Letters To The Editor

GOVERNMENT AND POLITICS

Drugs for seniors not only issue

Every senior will get prescription drugs? Am I missing something here? The most powerful leader in the world might be elected because he promises to give prescription drugs to anyone who can prove senior citizen status.

I don’t dispute the importance of medication for many of our citizens. I’m sure I already help pay into federal programs which help the needy. The way I understand Vice President Al Gore’s program is that any senior can get drugs. There must be a limit to how much we are going to pile on our children.

Another key issue is Social Security. If ever there was a failed program, this is it. The forecast is incredibly bleak for it. An average person of 65 has paid $161,300 into this system. They will take out $255,000. A person of 45 will pay in $222,000 and take out $254,000. My 1-year-old will pay in $474,000 and take out only $277,000. If that 1-year-old could invest his money in the free market it would be worth $1,435,000.

Our young people are going to be swamped in debt. To add another entitlement like prescription drugs is a slap in their face - all to get a vote.

This pandering by politicians and the votes it brings shows how selfish our society has become.

Some praise Gore for being specific about his plans. I am offended by his political pandering. His truth stretching (lying) is also a red flag for me. Ted Farr Spokane

Gore’s do-nothing approach risky

This political season, Social Security and prescription drugs are top political subjects.

The latest example of these combined issues comes from a 79-year-old retired ex-United Auto Worker’s representative who has to recycle aluminum cans to feed herself because her prescription drugs cost so much. This retiree from Iowa gets two very small monthly retirement checks, $782 from Social Security and $159 from the union. She pays about $230 monthly for prescription drugs. This poor woman would be able to afford her prescription drugs if she had a good retirement plan.

Every election year the Democrats brag about the mismanaged Social Security system that could go broke in just a few decades.
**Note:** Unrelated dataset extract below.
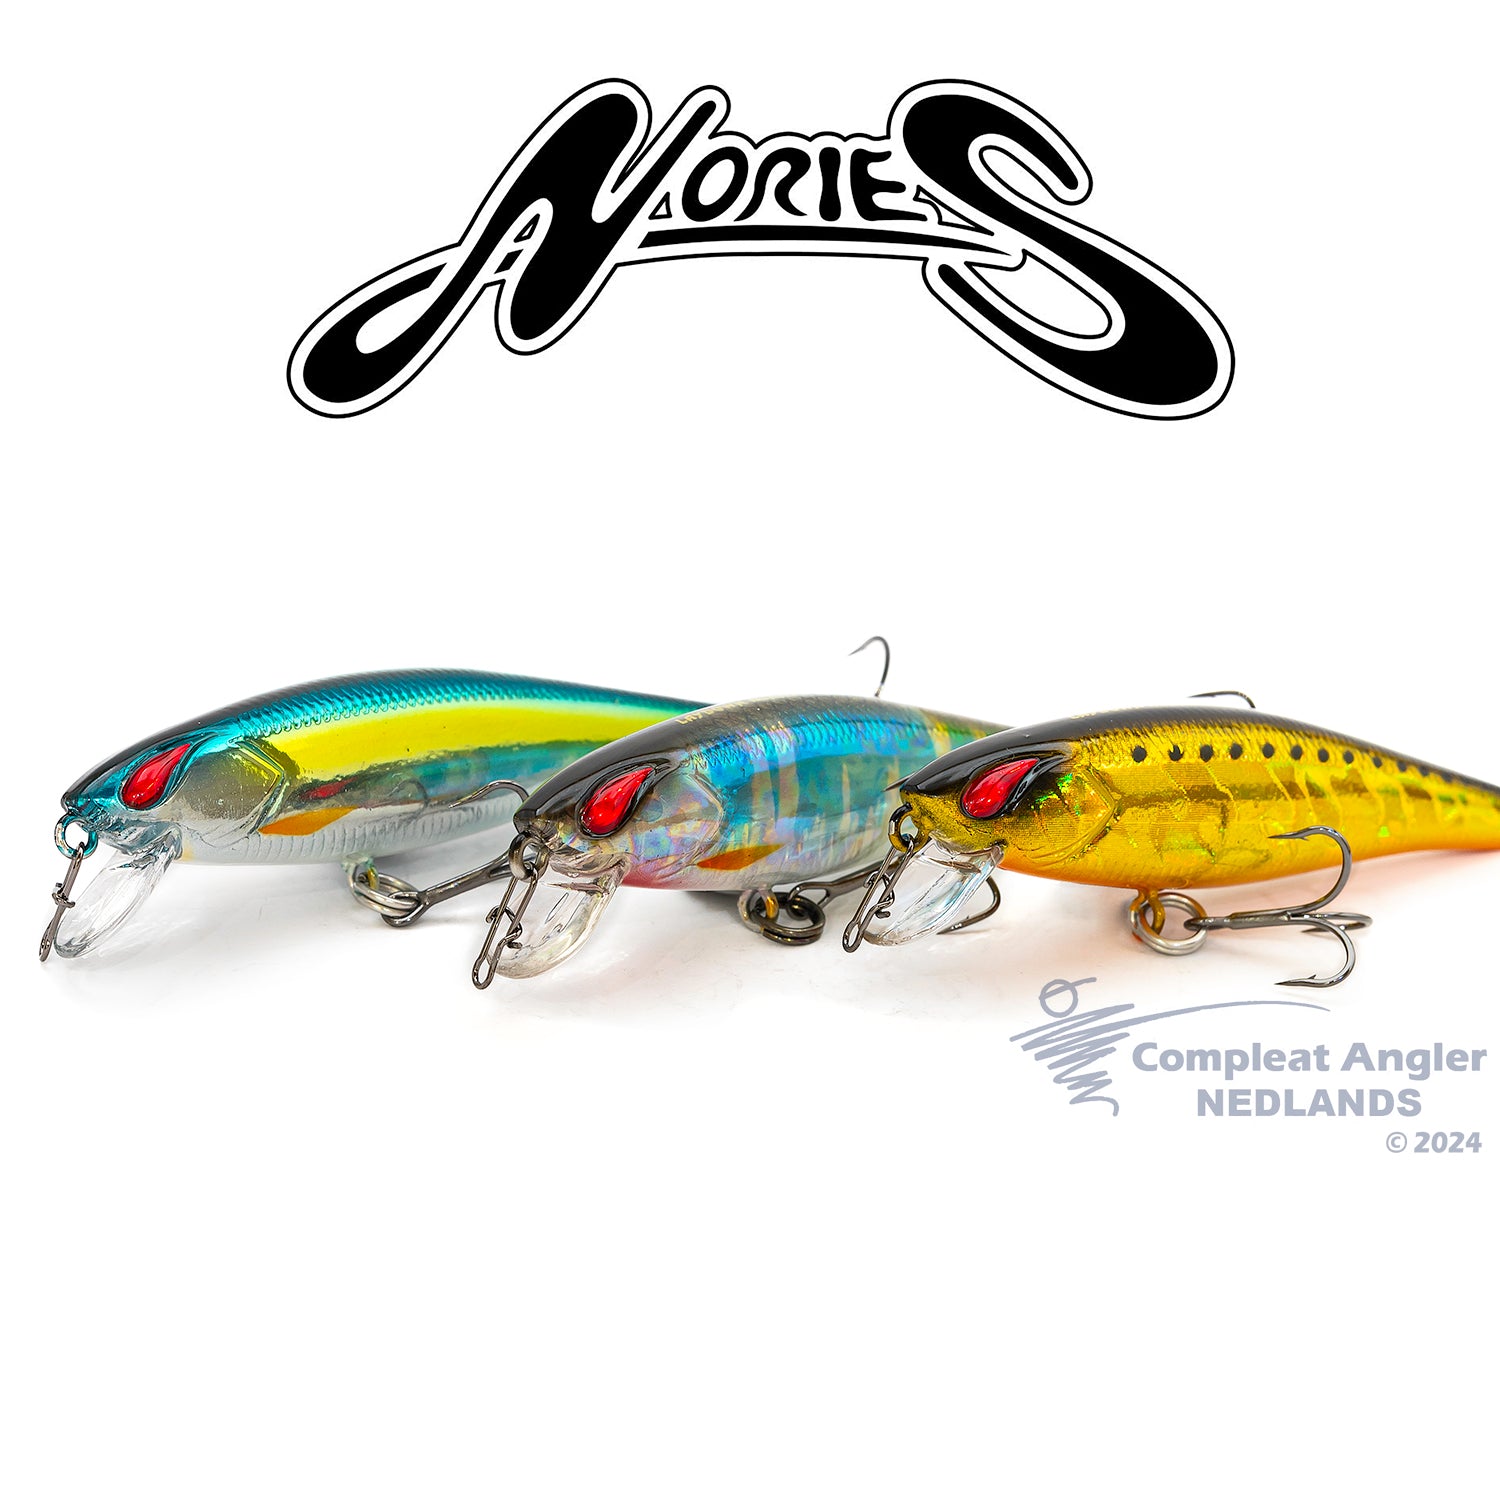 Nories Laydown Minnow Chigyo - Compleat Angler Nedlands Pro Tackle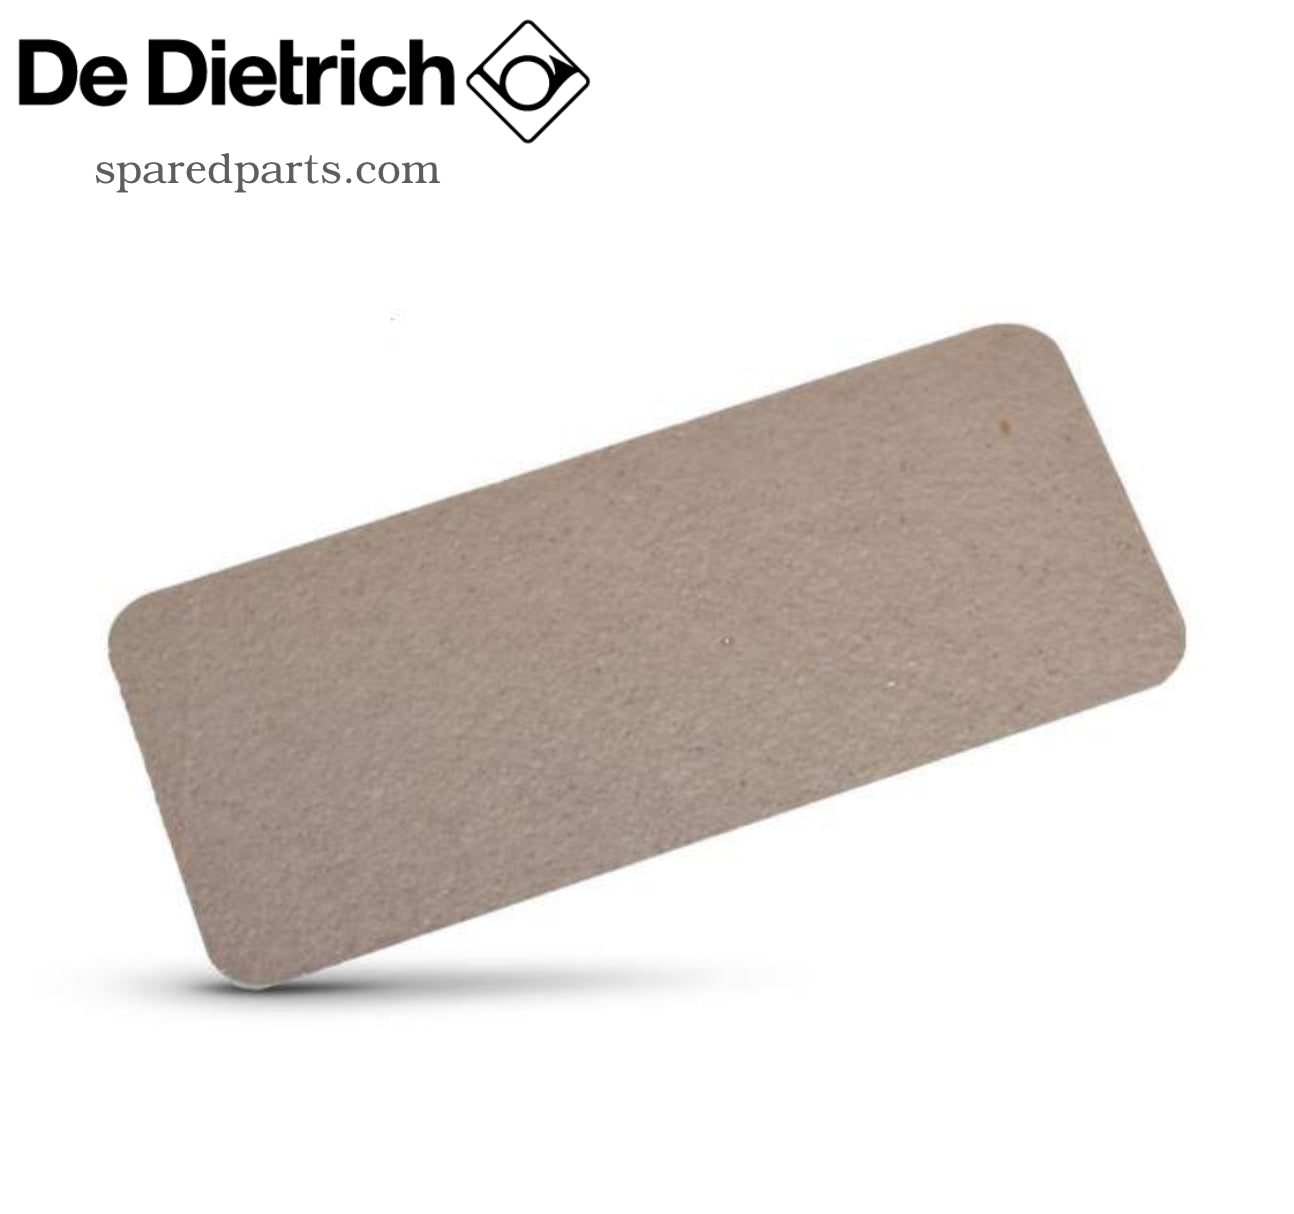 DeDietrich Microwave Wave Guard Cover - Spared Parts UK

Vice President Al Gore claims that investing a small part of Social Security in the stock market to help younger workers is a risky scheme.

With Gore’s do-nothing approach, younger workers will get little to nothing from Social Security when they retire

Democrats know that federal employees have a retirement system that is based solely on investments in the stock and bond markets. Federal employees can, for example, invest in a professionally managed higher risk/higher return stock fund or a very safe bond fund. These employees do not call their retirement plan a risky scheme.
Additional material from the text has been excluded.